What the task requires: Please repeat, exactly and without pictures, the lines of the entries below that run from the one containing "Пила дискова по" through the one containing "17166 Creekside CIR, Morgan Hill, California".

Records shown:
Content starts
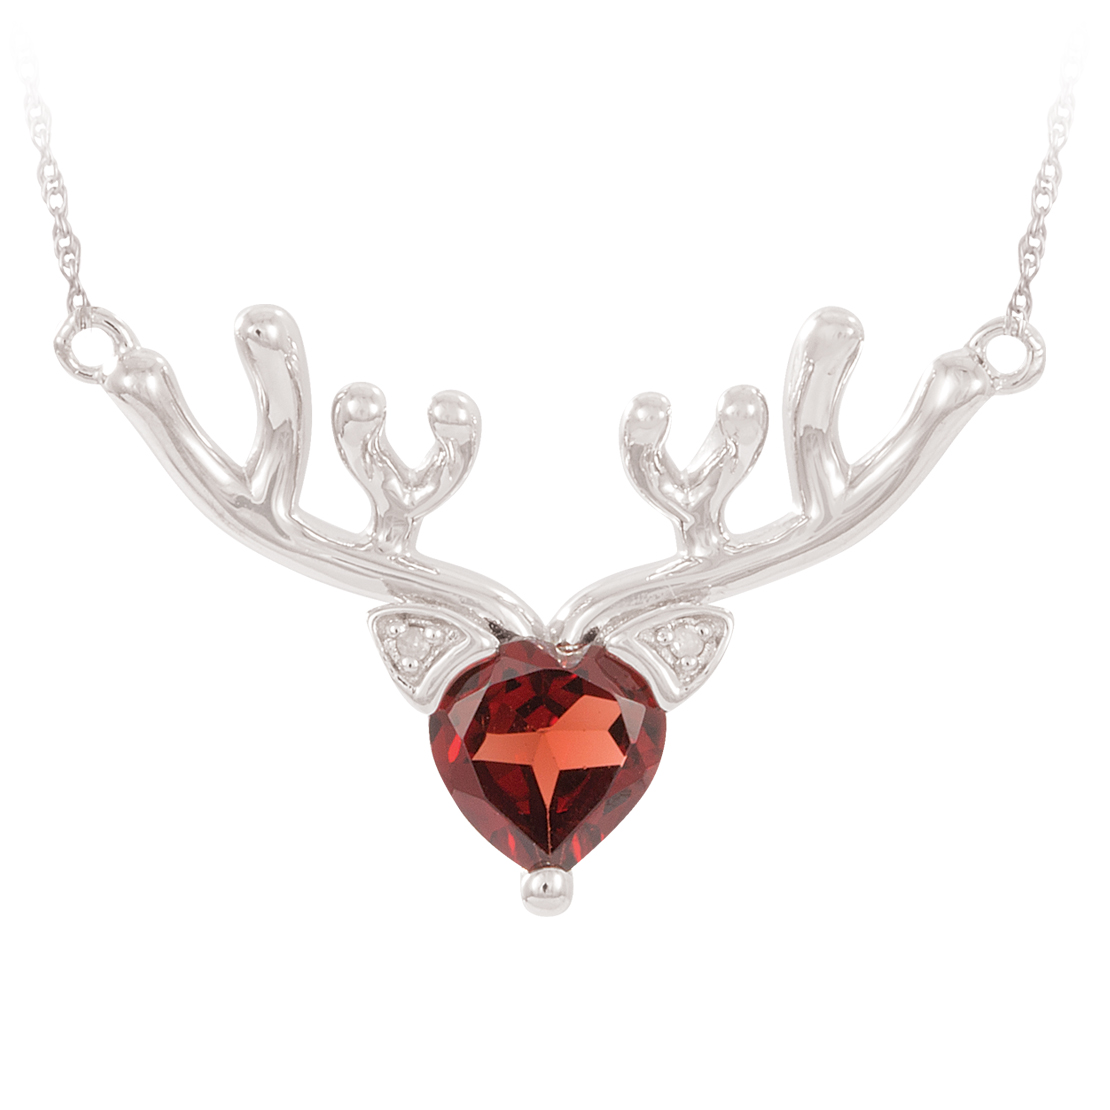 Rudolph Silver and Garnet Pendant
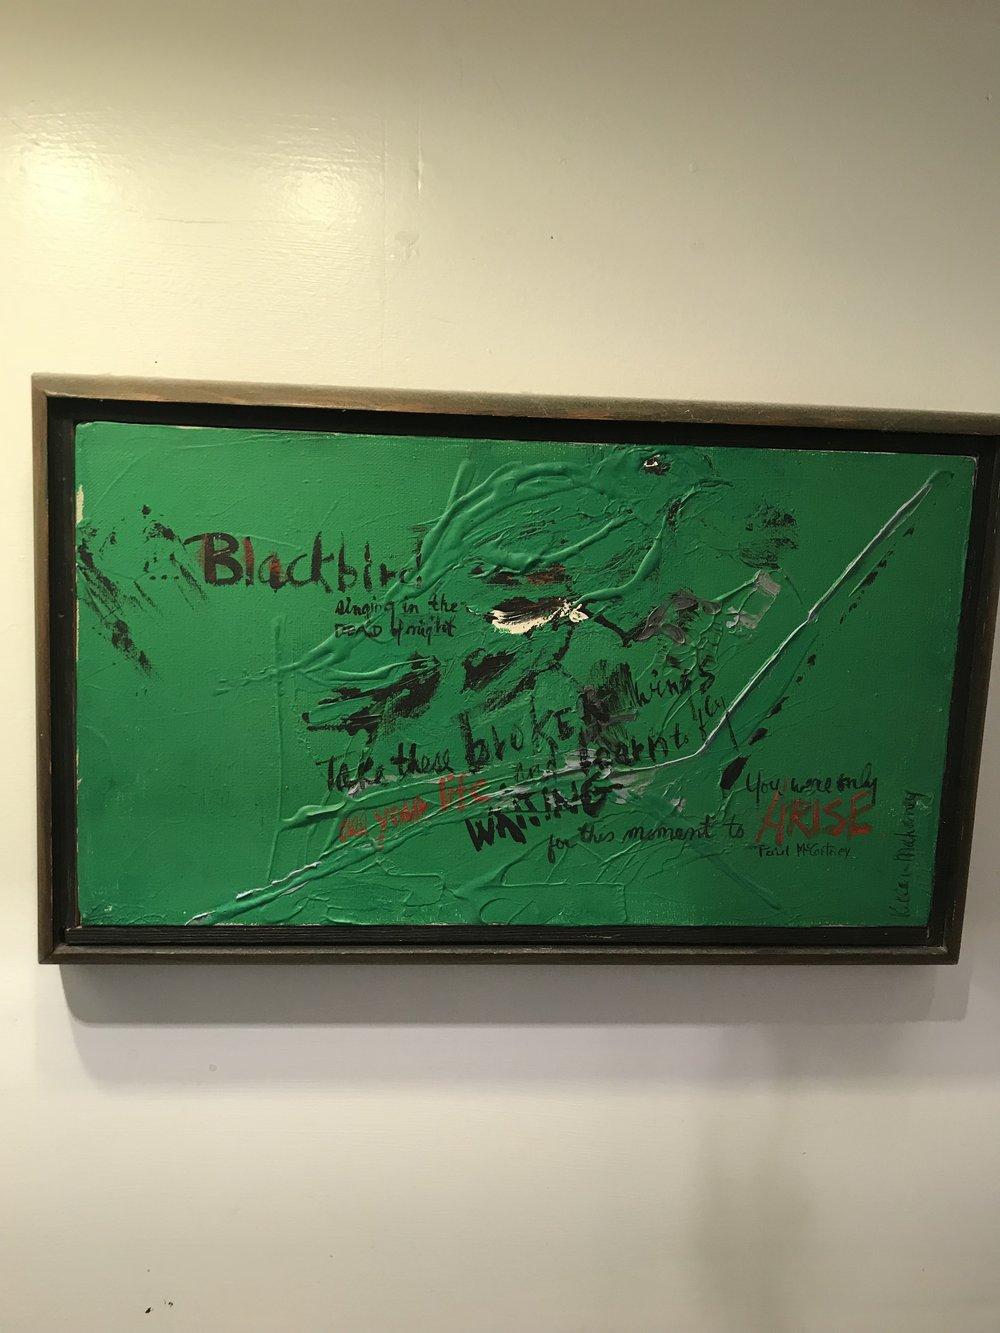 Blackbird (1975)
Content ends
Content starts
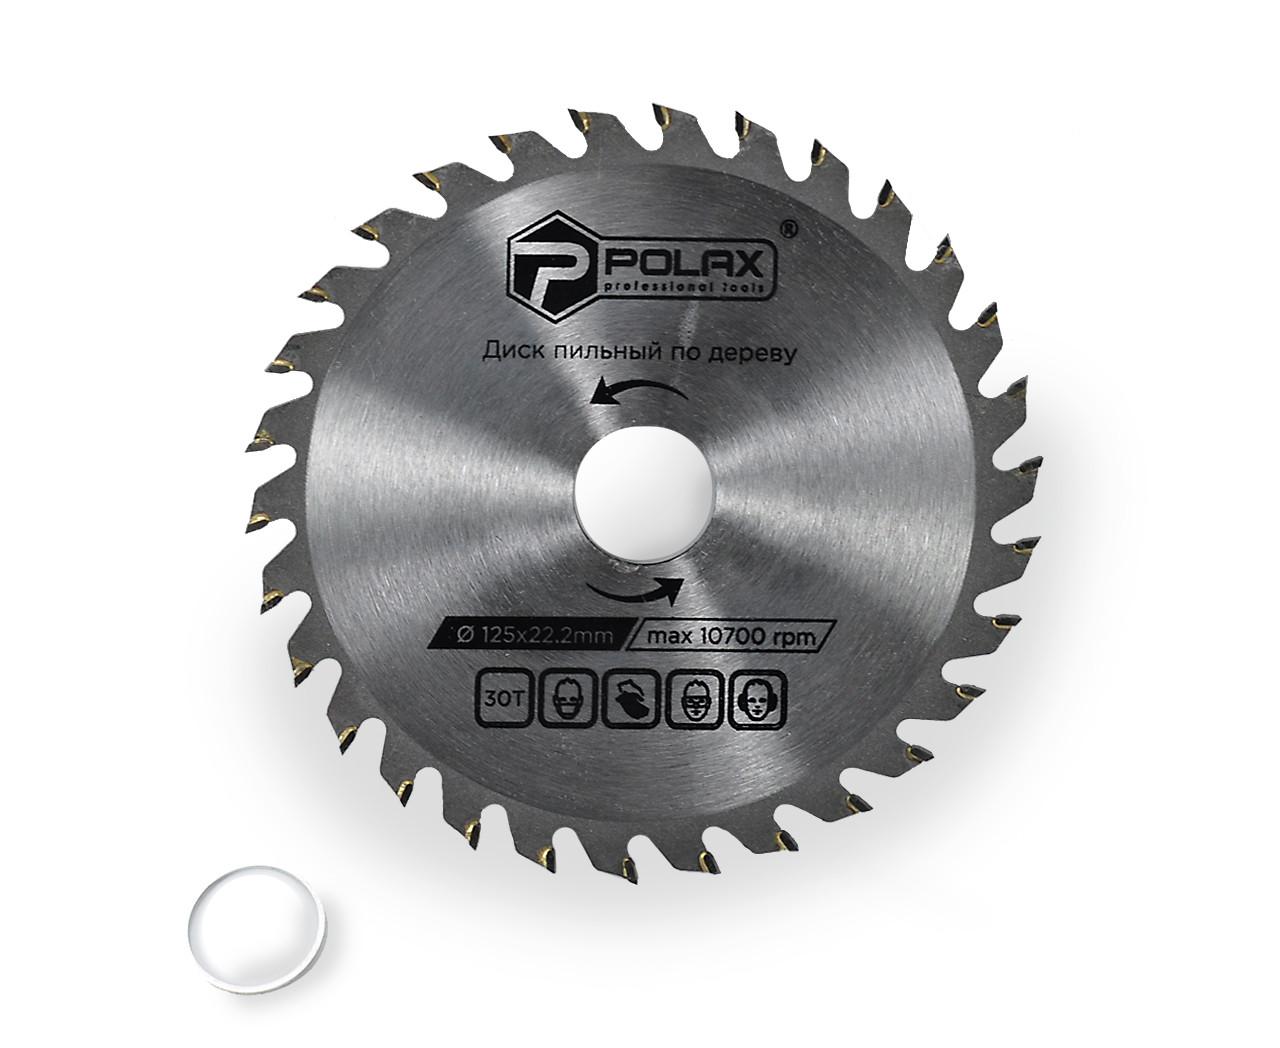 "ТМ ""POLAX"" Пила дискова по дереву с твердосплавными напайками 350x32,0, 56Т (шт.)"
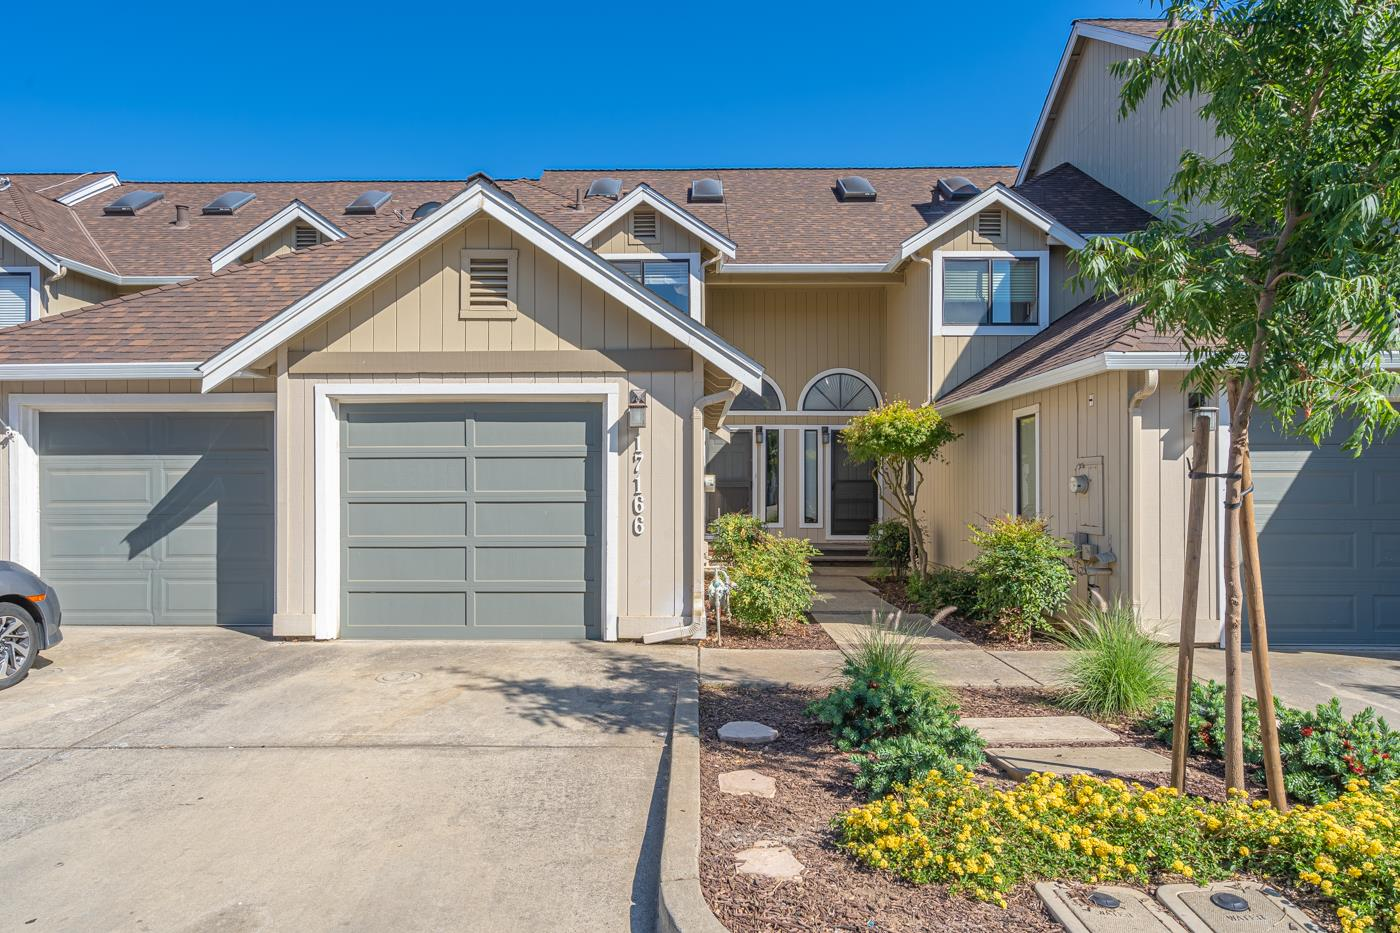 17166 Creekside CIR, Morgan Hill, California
Content ends
Content starts
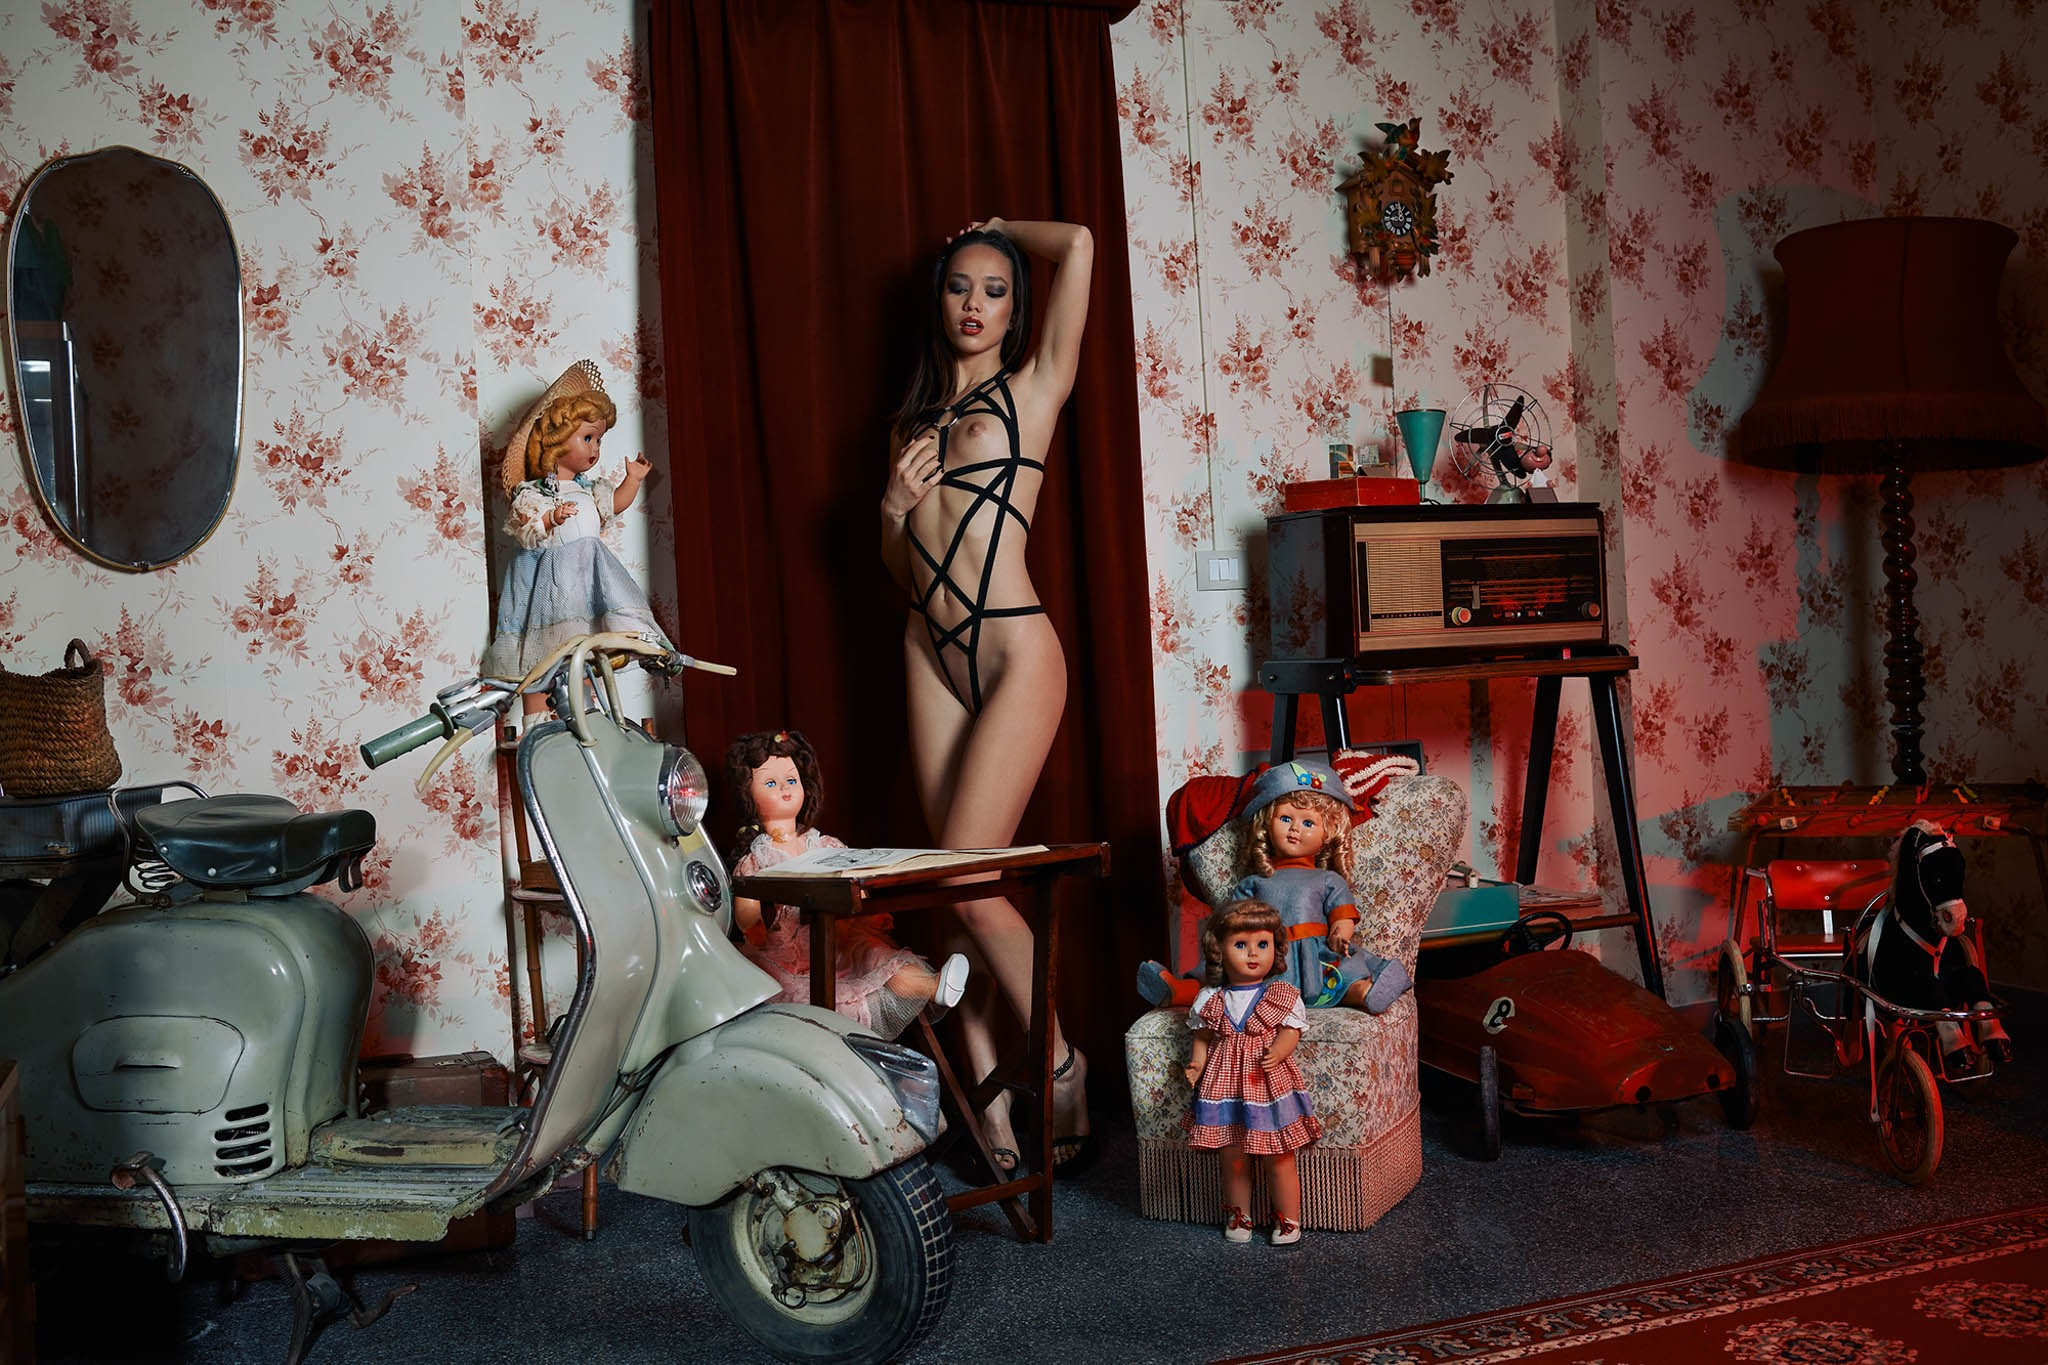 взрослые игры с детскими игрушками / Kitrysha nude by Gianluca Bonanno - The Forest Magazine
Content ends
Response to this exercise:
 "ТМ ""POLAX"" Пила дискова по дереву с твердосплавными напайками 350x32,0, 56Т (шт.)"
 17166 Creekside CIR, Morgan Hill, California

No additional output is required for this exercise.